If you honestly have more than 64 values in a single field, your field might be getting more complicated. You may want to expand then to the BLOB datatype, which is just a raw set of bits that MySQL has no inherent understanding of. Using this, you can create an arbitrary number of bit fields that MySQL is happy to treat as binary, hex, or decimal values, however you need. If you need more than 64 options, create as many fields as is appropriate for your application. The downside is that is is difficult to make the field human readable. The BIT datatype is also limited to 64.
If the flags have very different meanings and are used directly in SQL queries or VIEWS, then using multiple columns of type BOOLEAN might be a good idea.
Put each flag into an extra column, because you'll read and modify them separately anyway. If you want to group the flags, just give their column names a common prefix, i.e. instead of:
CREATE TABLE ... (
warnings INTEGER,
errors INTEGER,
...
)
you should use:
CREATE TABLE ... (
warning_foo BOOLEAN,
warning_bar BOOLEAN,
warning_...
error_foo BOOLEAN,
error_bar BOOLEAN,
error_... BOOLEAN,
...
)
Although MySQL doesn't have a BOOLEAN type, you can use the quasi standard TINYINT(1) for that purpose, and set it only to 0 or 1.
I would recommend using a BOOLEAN datatype if your database supports this.

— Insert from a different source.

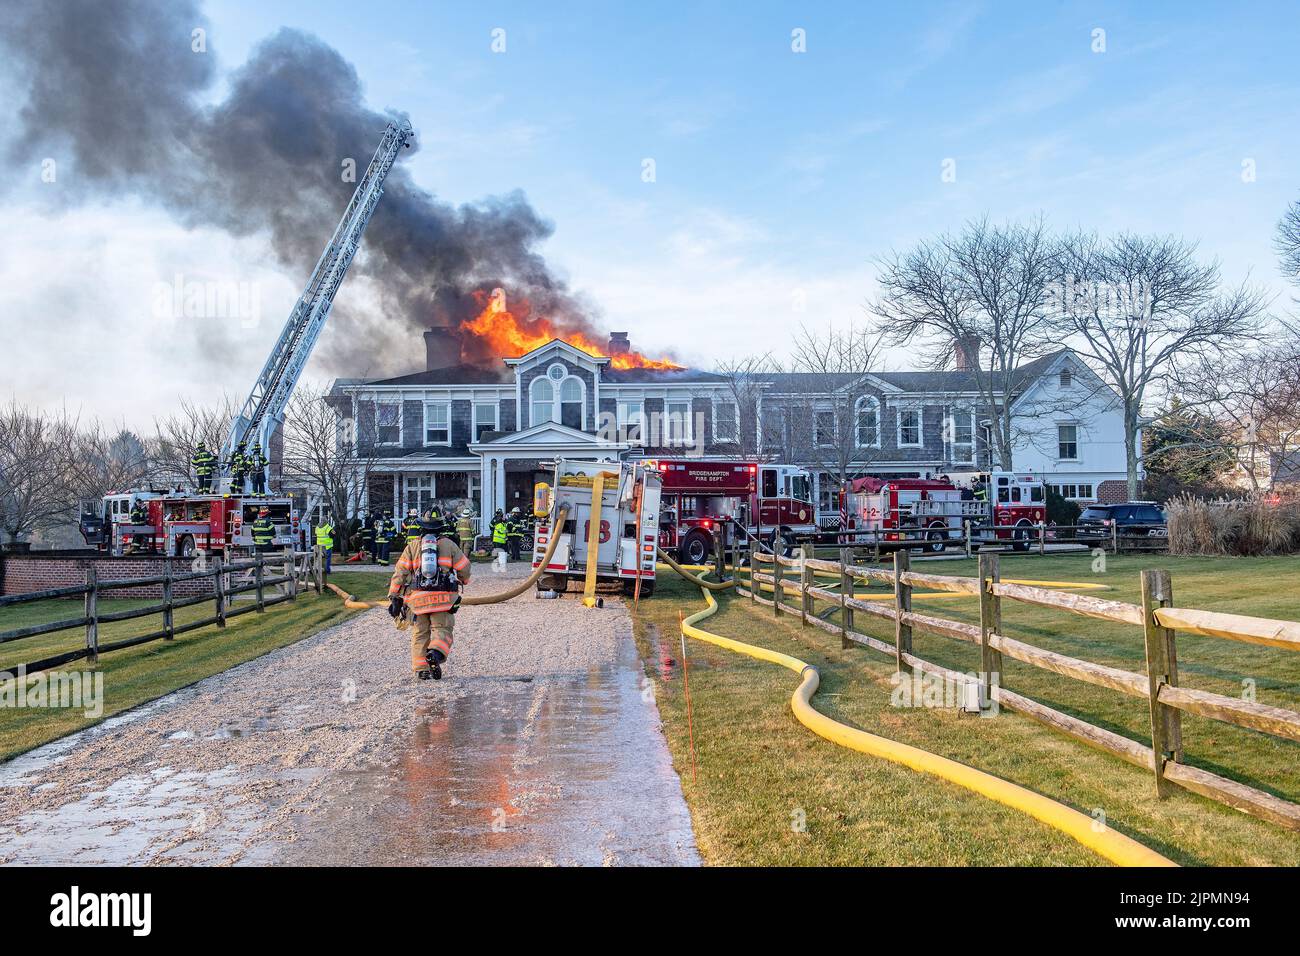 The Bridgehampton Fire Department, assisted by mutual aid from several other local fire departments, battled a working structure fire in the roof of a Stock Photo

Otherwise, the best approach is to use NUMBER(1) or equivalent, and put a check constraint on the column that limits valid values to (0,1) and perhaps NULL if you need that. If there is no built-in type, using a number is less ambiguous that using a character column. (What's the value for true? "T" or "Y" or "t")
The nice thing about this is that you can use SUM() to count the number of TRUE rows.
SELECT COUNT(1), SUM(ActiveFlag)
FROM myusers;
If there are more than just a few flags, or likely to be so in the future, I'll use a separate table of flags and a many-to-many table between them.
If there are a handful of flags and I'm never going to use them in a WHERE, I'll use a SET() or bitfield or whatever. They're easy to read and more compact, but a pain to query and sometimes even more of a headache with an ORM.
If there are only a few flags -- and only ever going to be a few flags -- then I'll just make a couple BIT/BOOLEAN/etc columns.
Came across this when I was pondering best way to store bitmask flags (similar to OP's original use of integers) in a database.
The other answers are all valid solutions, but I think its worth mentioning that you may not have to resign yourself to horrible query problems if you choose to store bitmasks directly in the database.
If you are working on an application that uses bitmasks and you really want the convenience of storing them in the database as one integer or byte column, go ahead and do that. Down the road, you can write yourself a little utility that will generate another table of flags (in whatever pattern of rows/columns you choose) from the bitmasks in your primary working table. You can then do ordinary SQL queries on that computed/derived table.
This way your application gets the convenience of only reading/writing the bitmask field/column. But you can still use SQL to really dive into your data if that becomes necessary at a later time.